Tropical Storm Mirinae is bringing wind and heavy rain as it moves inland over northern Vietnam. At 5:00 p.m. EDT on Wednesday the center of Tropical Storm MIrinae was located at latitude 20.4°N and longitude 105.6°E which put it about 45 miles (70 km) south of Hanoi, Vietnam. Mirinae was moving toward the west-northwest at 10 m.p.h. (16 km/h). The maximum sustained wind speed was 45 m.p.h. (70 km/h) and there were wind gusts to 60 m.p.h. (95 km/h). The minimum surface pressure was 993 mb.
As it moved over the Gulf of Tongking, Tropical Storm Mirinae intensified rapidly during the final few hours before it made landfall on the coast of northern Vietnam.

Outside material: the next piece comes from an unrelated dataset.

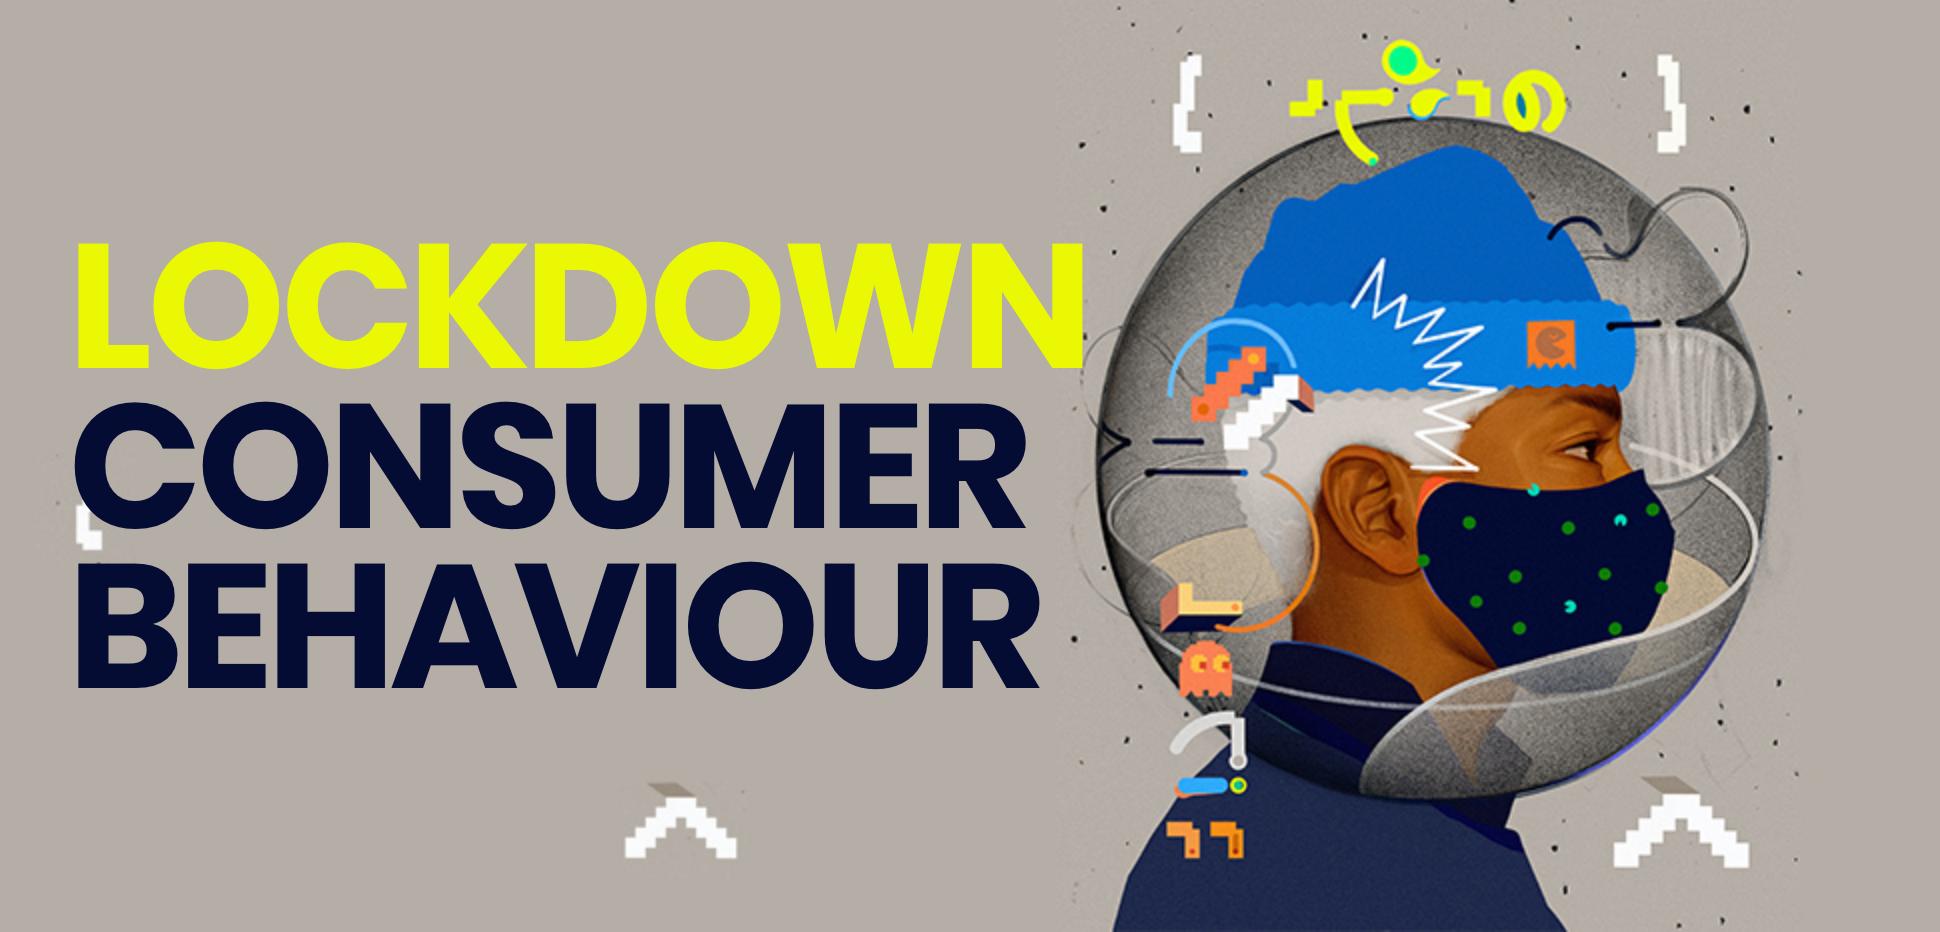 Lockdown consumer behaviour

Microwave and infrared satellite imagery indicates that an eye developed in the center of circulation and a circular ring of strong thunderstorms surrounded the eye. Tropical Storm Mirinae may have been near typhoon intensity at the time it made landfall.
Tropical Storm Mirinae has weakened somewhat as it moved inland over northern Vietnam. However, it does still exhibit a very well organized, circular structure. The upper level divergence has been more impressive than it has been at any time during the existence of Mirinae. The strongest winds are occurring near the core of the tropical storm and in rainbands over the open water of the Gulf of Tongking. Mirinae will gradually weaken further as the circulation spins down over land.
Tropical Storm Mirinae will produce very heavy rain as it moves across northern Vietnam toward northern Laos. The rapid intensification and improved structure of Mirinae mean that the rain will be heavier and will continue for a longer period. Heavy, persistent rainfall will create the potential for serious flash flooding.